Why 1492 and not 1850 or 1945? There’s no question that the Anthropocene’s famous “hockey stick” charts indicate major inflection points for carbonization and other movements at these points, especially the latter. These are representations of consequences, however, not the causes of planetary crisis. The Capitalocene thesis pursues analyses that link such consequences to the longer histories of class rule, racism and sex- ism, all of which form, in the modern sense, after 1492.

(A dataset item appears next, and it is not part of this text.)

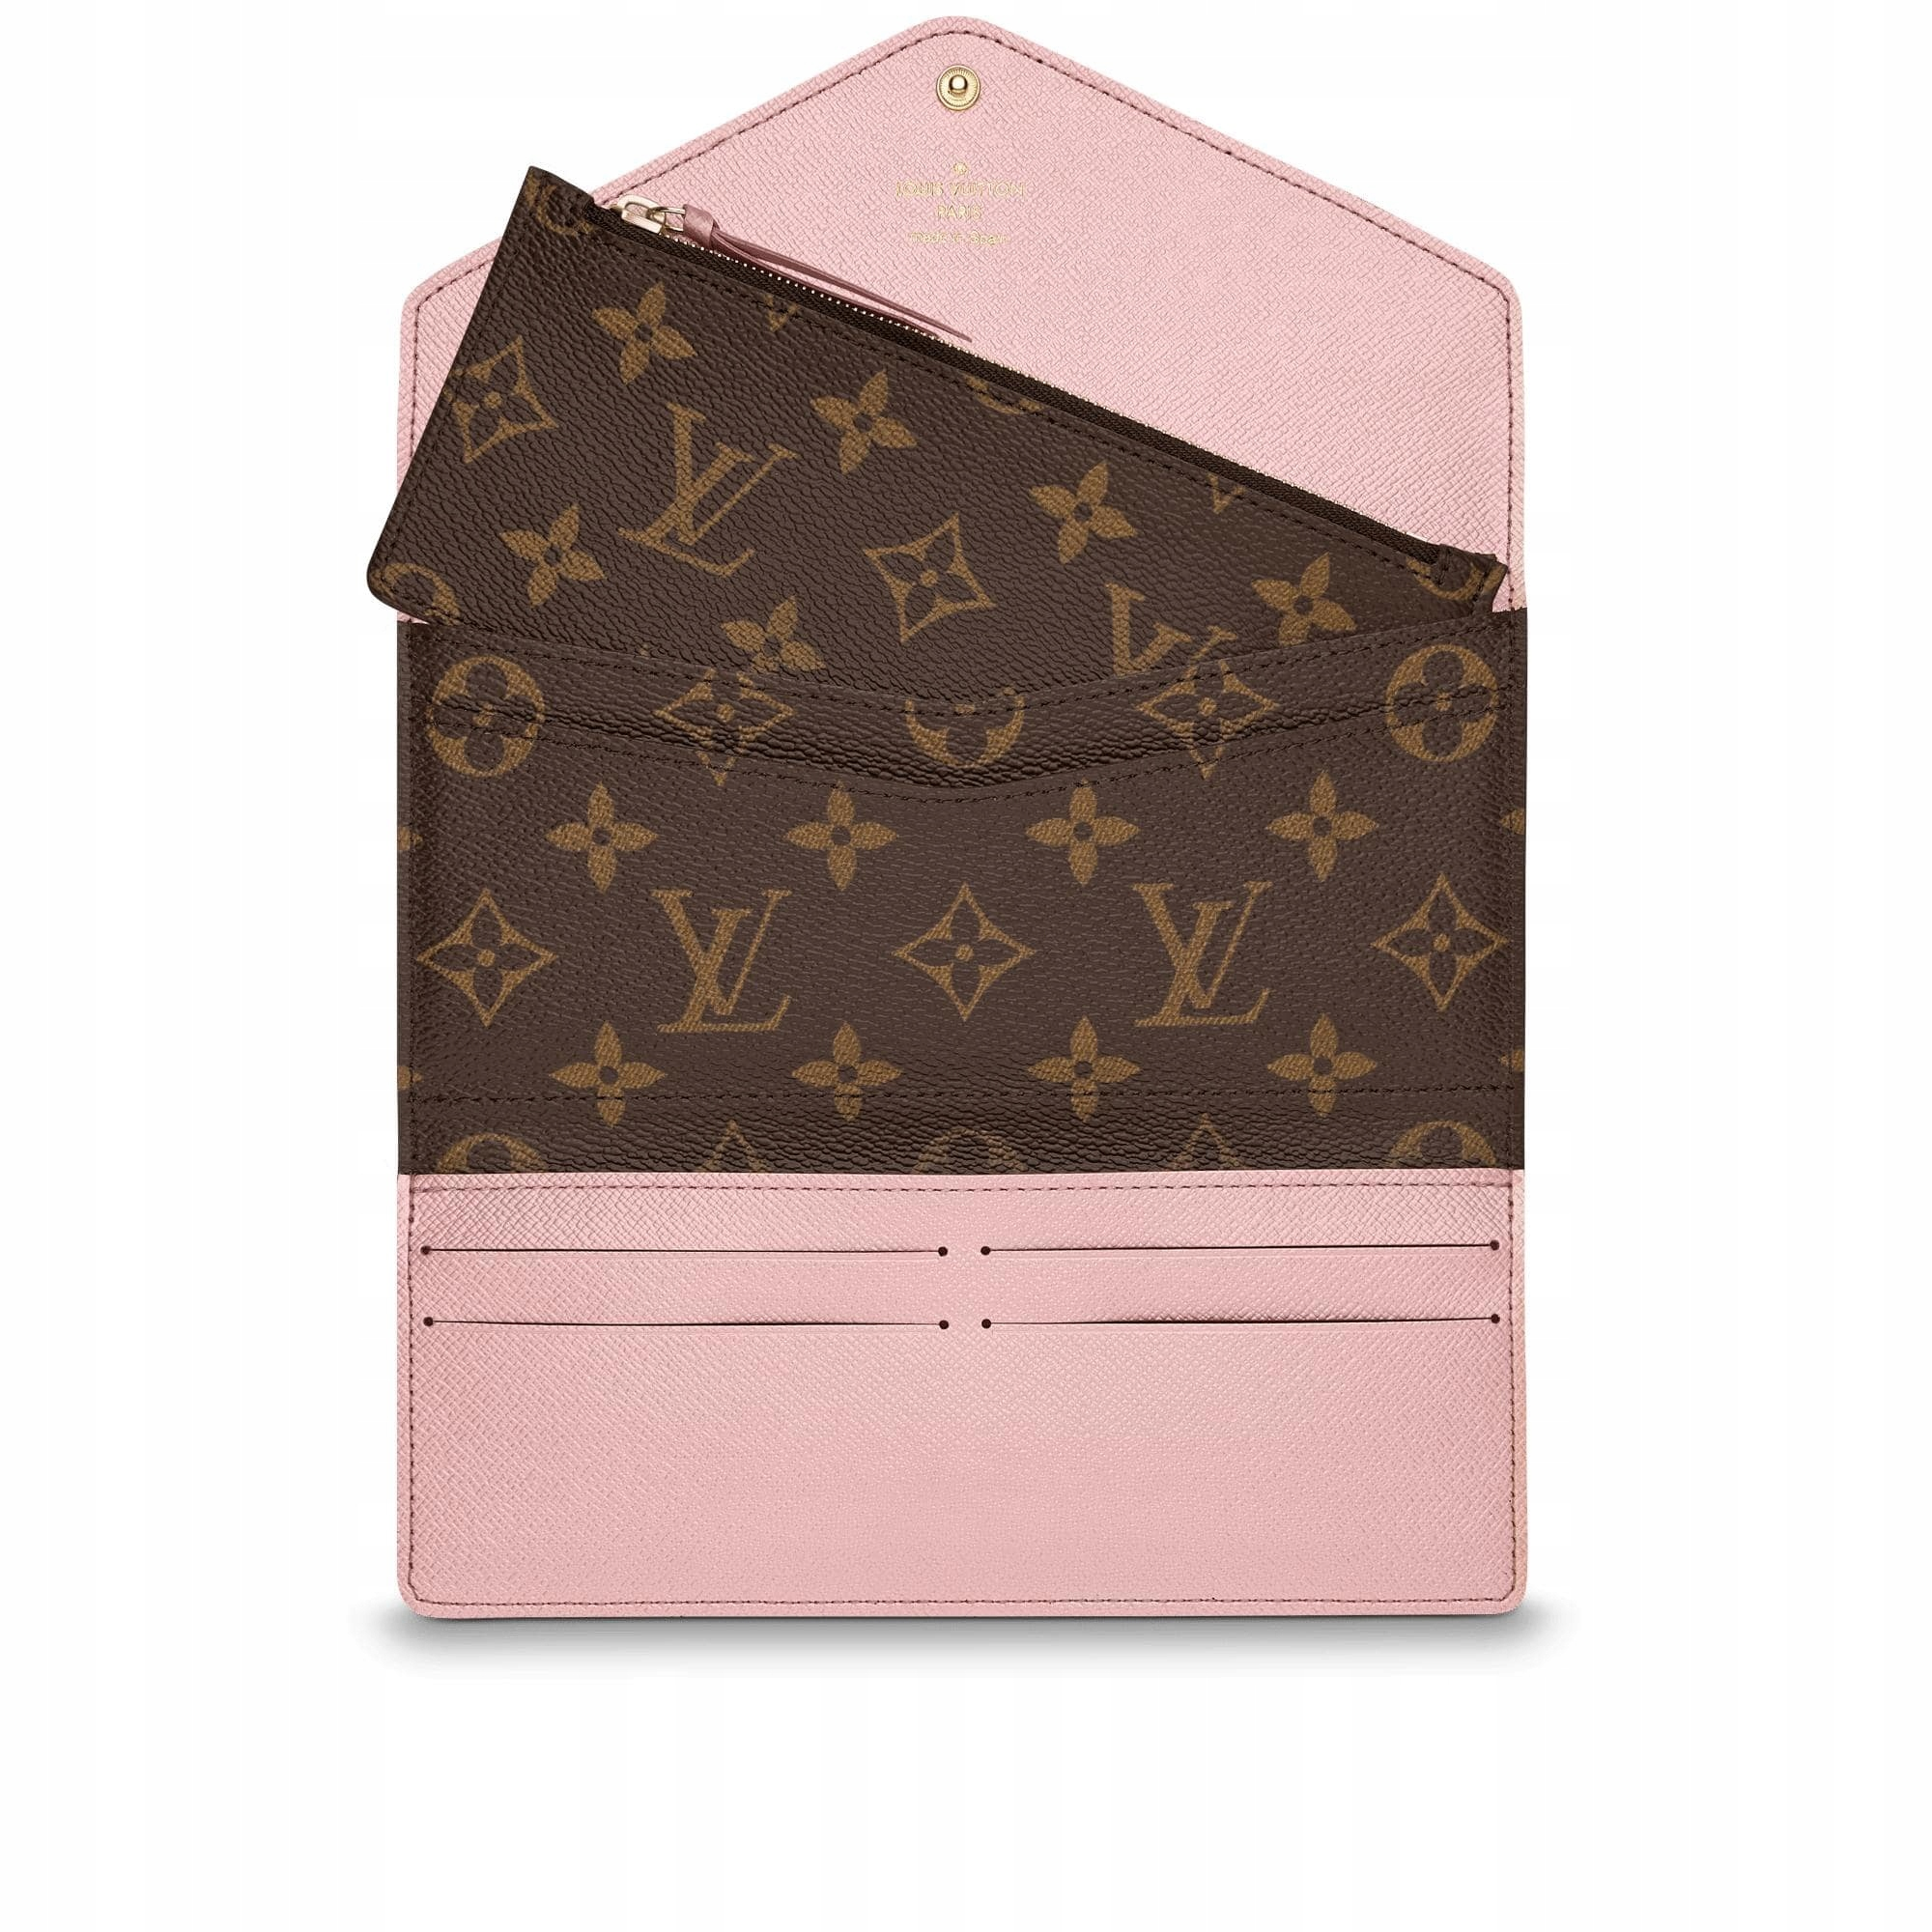 b7f83b2045738 Portfel Josephine Louis Vuitton oryginalny - 7633981141 - oficjalne ...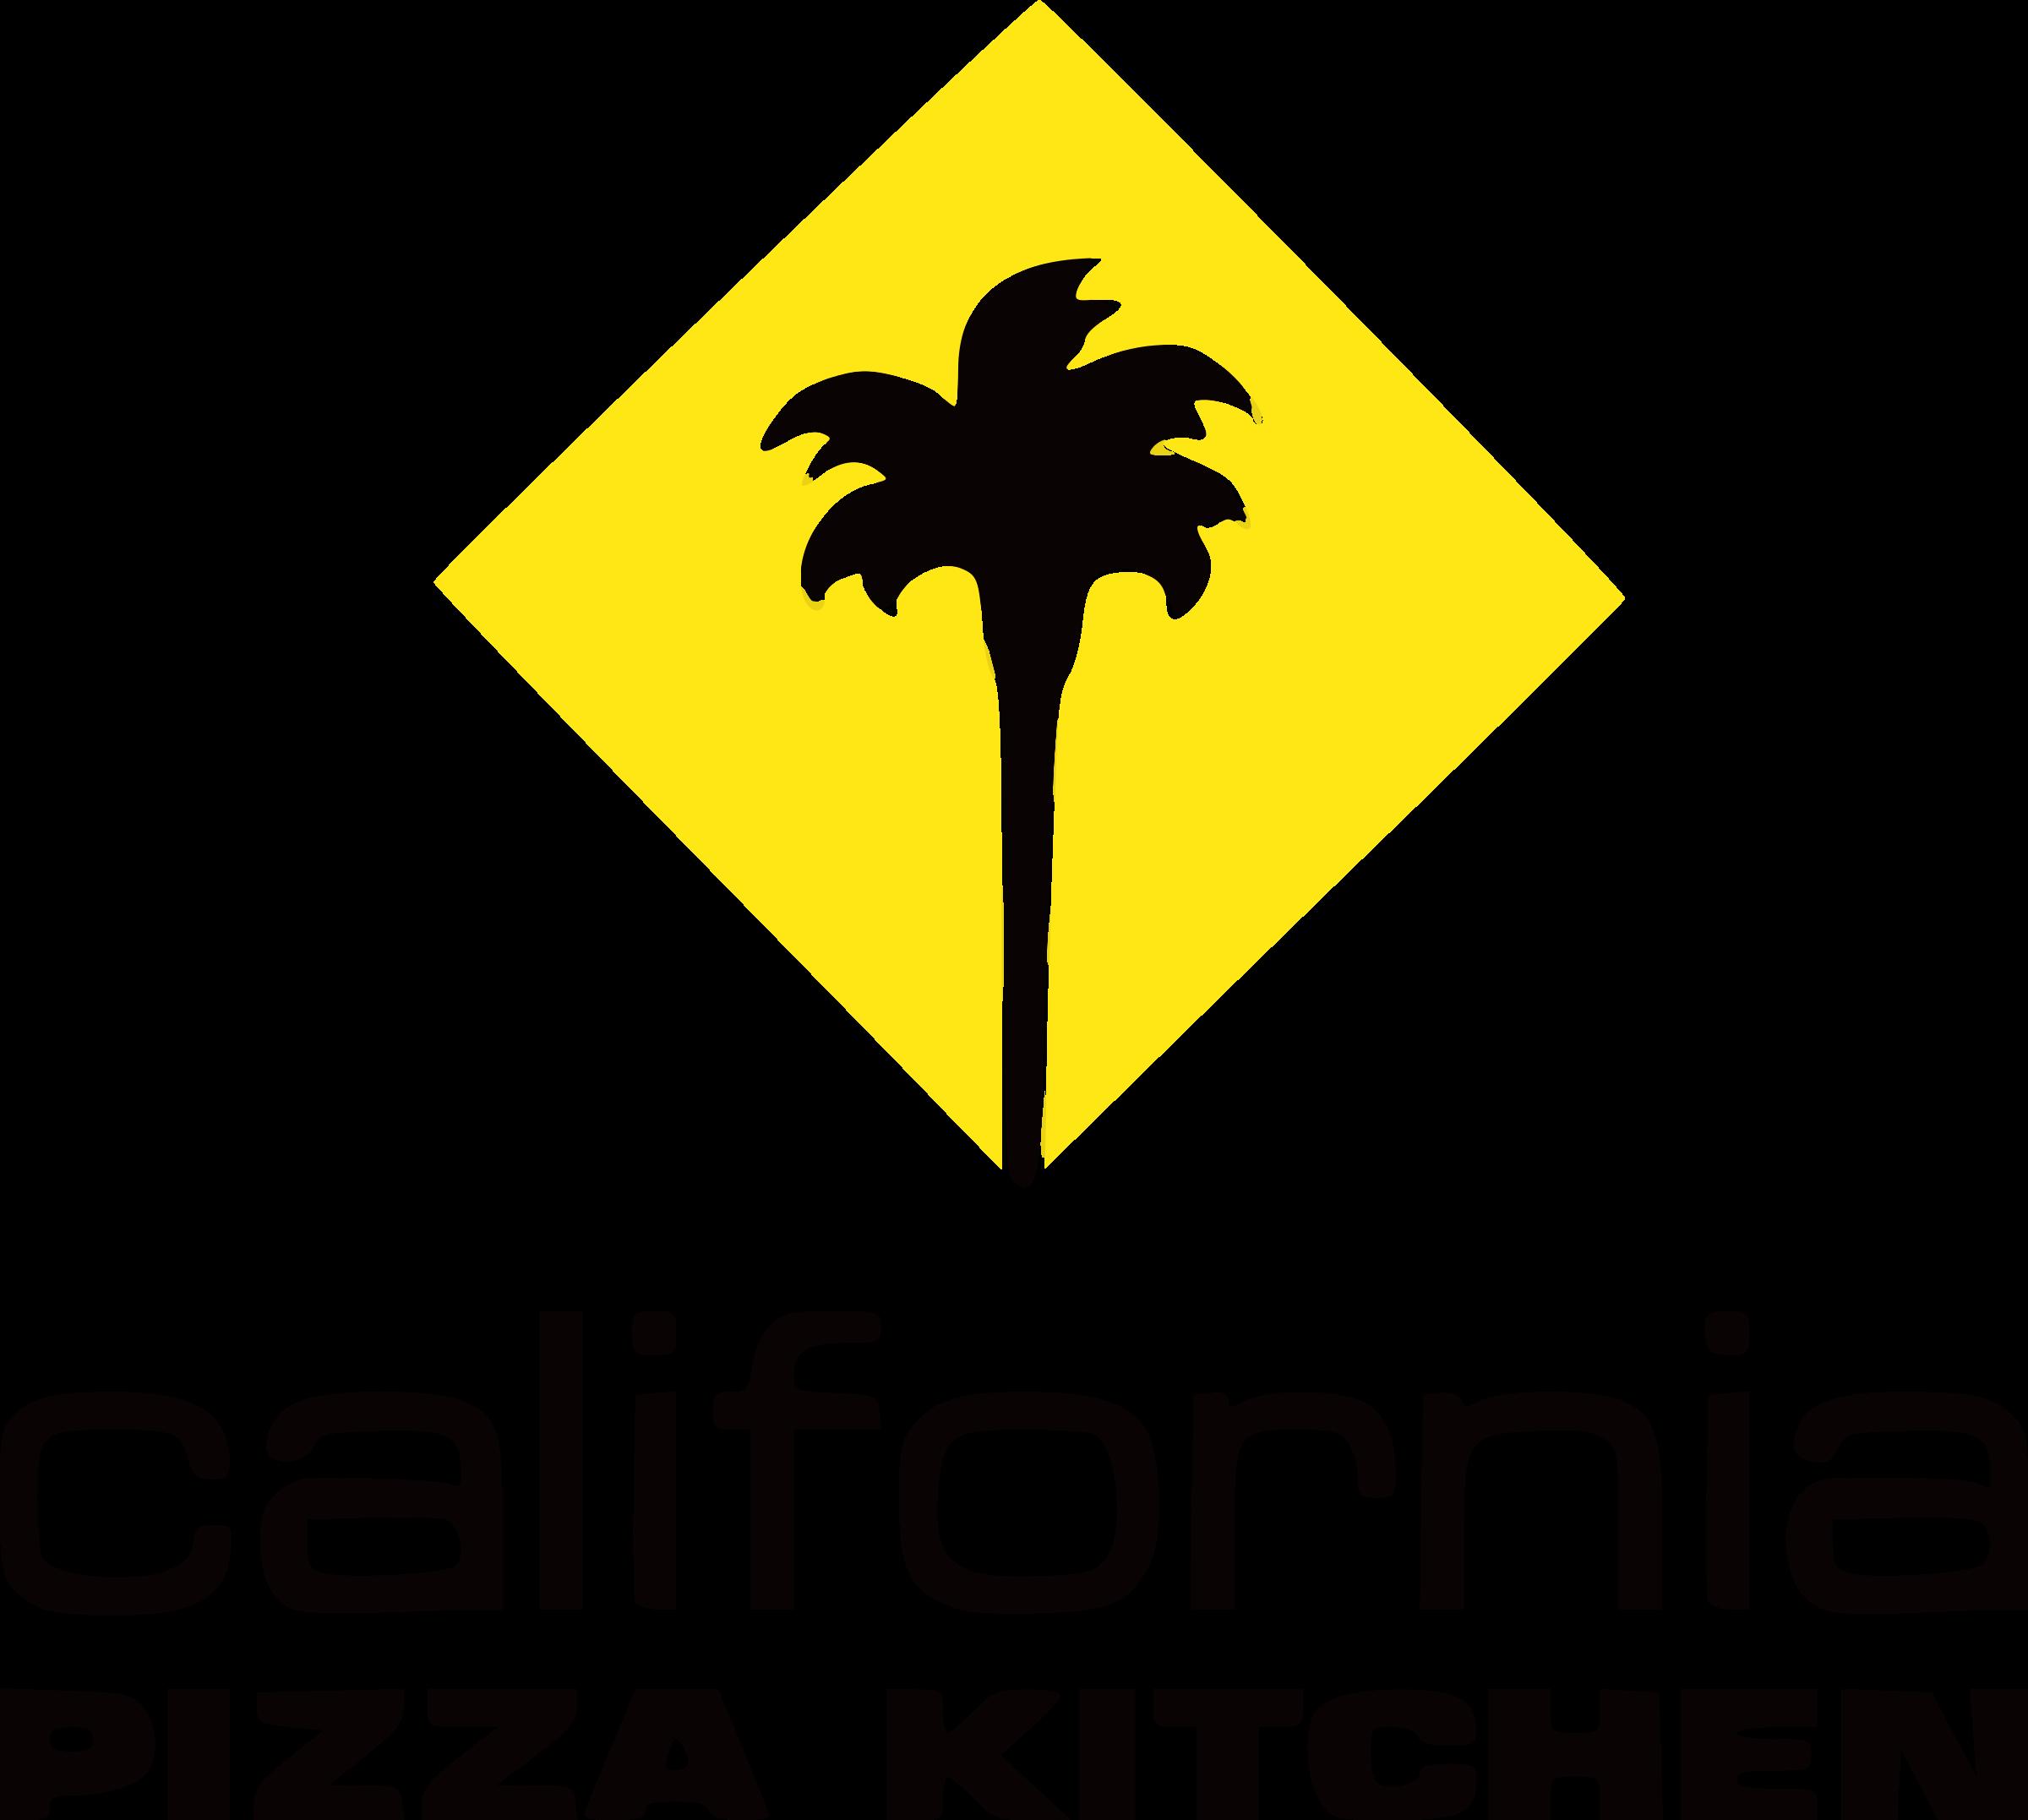 california-pizza-kitchen-1-logo-png-transparent.png

By the sixteenth century, we see a rupture in how scientists, capitalists, and imperial strategists understood planetary reality. In medieval Europe, humans and the rest of nature were understood in hierarchical terms, like the Great Chain of Being. But there was no strict separation between human relations and the rest of nature. Words such as nature, civilization, savagery and society only realized their modern meaning in the English language between 1550 and 1650. This was, not coincidental- ly, the era of England’s capitalist agricultural revolution, the modern coal mining revolution, the invasion of Ireland (1541). This cultural shift didn’t happen in isolation in the Anglosphere — there were cognate movements underway in other western European languages at around the same time too, as the Atlantic world underwent a capitalist shift. This radical break with the old ways of knowing reality, previously holistic (but still hierarchical) gave way to the dualism of Civilization and Savagery.

Wherever and whenever European ships disembarked soldiers, priests, and merchants, they immediately encountered “savages.” In the Middle Ages, the word meant strong and fierce; now it signified the antonym of civilization. Savages inhabited something called wilderness, and it was the task of the civilized conquers to Christianize and to Improve. Wilderness in these years was often known as “waste” — and in the colonies, it justified laying waste so that such lands and its savage inhabitants might be put to work cheaply.

The binary code of Civilization and Savagery constitutes a pivotal operating system for modernity, one premised on dispossessing human beings of their humanity. Such dispossession — which occurred not once but many times over — was the fate meted out to indigenous peoples, to the Irish, to virtually all women, to African slaves, to colonial peoples around the world. It’s this capitalist geoculture that reproduces an extraordinary cheapening of life and work, essential to every great world economic boom but also violent, degrading, and self-exhausting.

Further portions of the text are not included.